Hawaii’s long history has made it a unique melting pot of language, culture and cuisine. Students considering and actively pursing an online culinary arts degree can look to dishes from the Aloha State for inspiration, whether it means adding a classic Hawaiian dish to a menu or letting the unique fusion of so many different foods and backgrounds guide your own creative efforts.

Let’s look at some of Hawaii’s most popular foods and understand how students at culinary arts schools can incorporate them into their own repertoires.

A close up shot of a plate holding a loco moco and salad.The loco moco is an excellent example of the long tradition of culinary fusion in Hawaii’s history.

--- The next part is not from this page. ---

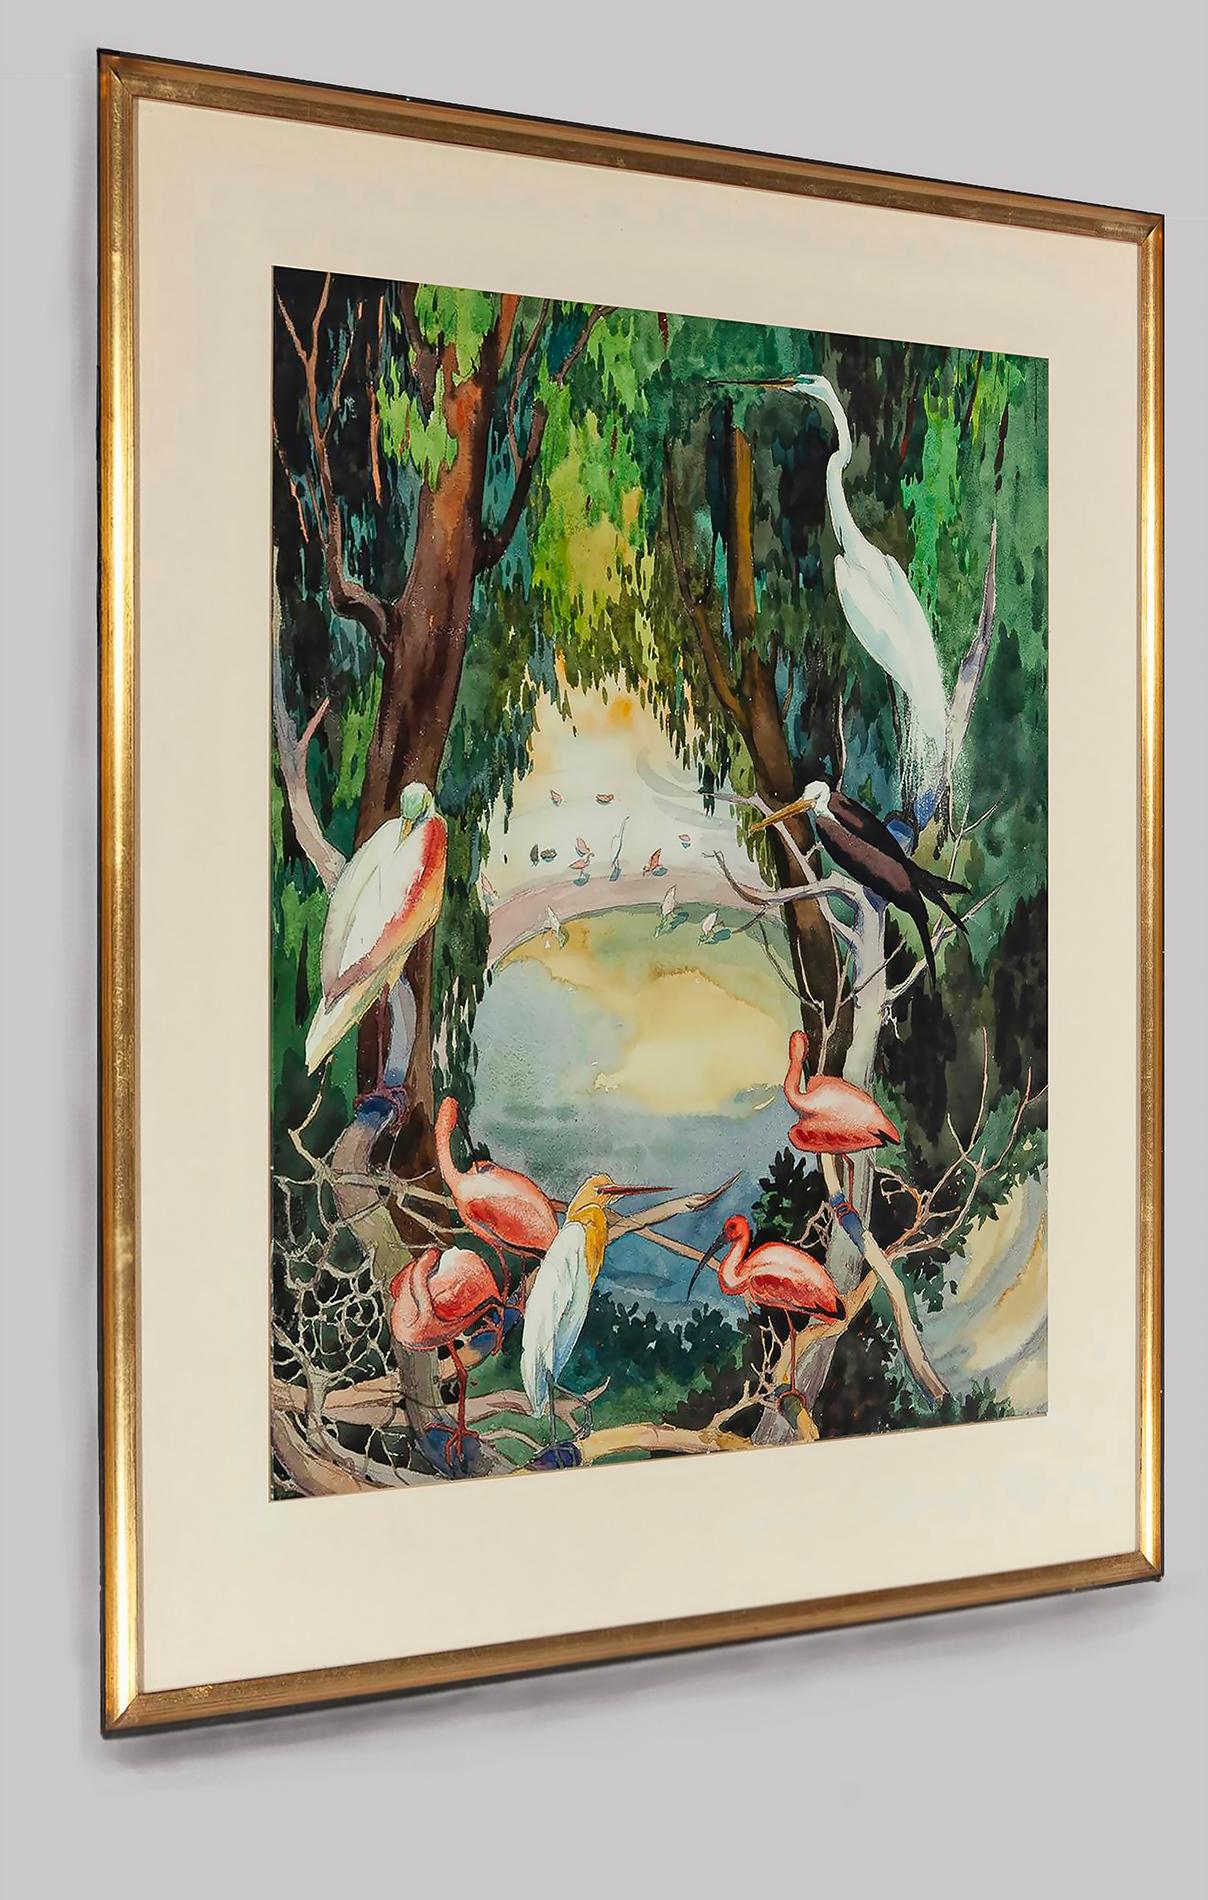 Die ikonischen Motive aus Botkes Oeuvre zeigen häufig Vögel, insbesondere weiße Pfauen, Gänse, Reiher und Kakadus.
Künstlerinnen haben Konjunktur und sind heute sehr gefragt. Das Werk befindet sich in gutem Zustand und ist rechts unten signiert. Das

The humble yet mighty Spam musubi

There are few hot foods that are both wildly popular and most commonly served at gas stations and convenience stores. The Spam musubi is one of those rare items, a dish that is equally at home at a 7-11 and a modern restaurant. The recipe is simple: A slice of Spam, often cooked on a griddle, attached to a block of rice with a nori seaweed wrapper, very similar to the Japanese onigiri rice ball. The rice or spam may be flavored with soy sauce or teriyaki, respectively, and there are a number of further variations involving eggs, seasoning, pickled daikon radish and other additions.

The Spam musubi is both fusion cuisine and comfort food. From construction workers grabbing a quick snack to catering service at formal affairs such as weddings, this dish is popular and widely enjoyed in a variety of contexts. The ease of making and serving this dish means it’s a simple appetizer to serve in a professional kitchen or at home. The taste can be altered, by adding seasonings and ingredients or substituting proteins, to match the palates of your diners.

Poke: already a mainland hit

Poke, a mixture of raw fish with a variety of other ingredients that can include seaweed, soy sauce, seasoning mixtures, rice, chili pepper, green onion and many other additions, is widely accepted in the mainland U.S. A number of individual restaurants and small chains have popped up in recent years to serve this dish, which has sharply risen in popularity. The mix of lean protein with a number of generally healthy ingredients and a wide range of exciting flavors has certainly found its niche.

As chef Rodelio Aglibot, a Hawaiian native who now leads Chicago poke restaurant FireFin, said to Bon Appetit, poke is a casual dish with nearly endless varieties, and making new versions should be encouraged. After you familiarize yourself with basic flavors of this dish, consider how you can put your own spin on it.

The impressive indulgence of loco moco

You likely won’t want to eat loco moco every day – but for many Hawaiians, when they craving hits, they have to have it. This combination of hamburger patties, rice, gravy and a fried egg, often over easy, is familiar and filling yet unique, a dish that doesn’t have many direct comparisons in other cuisines. A classic comfort food, loco moco is another example of how fusion dishes have long been invented in kitchens – and not only upscale restaurants, but small family diners and lunch spots – throughout Hawaii.

The mixture of strong flavors relies on careful preparation and attention to detail to create the best possible final product. Use this recipe from the Food Network to help familiarize yourself with the dish, then consider if you want to stick with the classic version or prepare your own twist on the loco moco to better please local tastes. Such a step is certainly in line with Hawaii’s strong culinary history.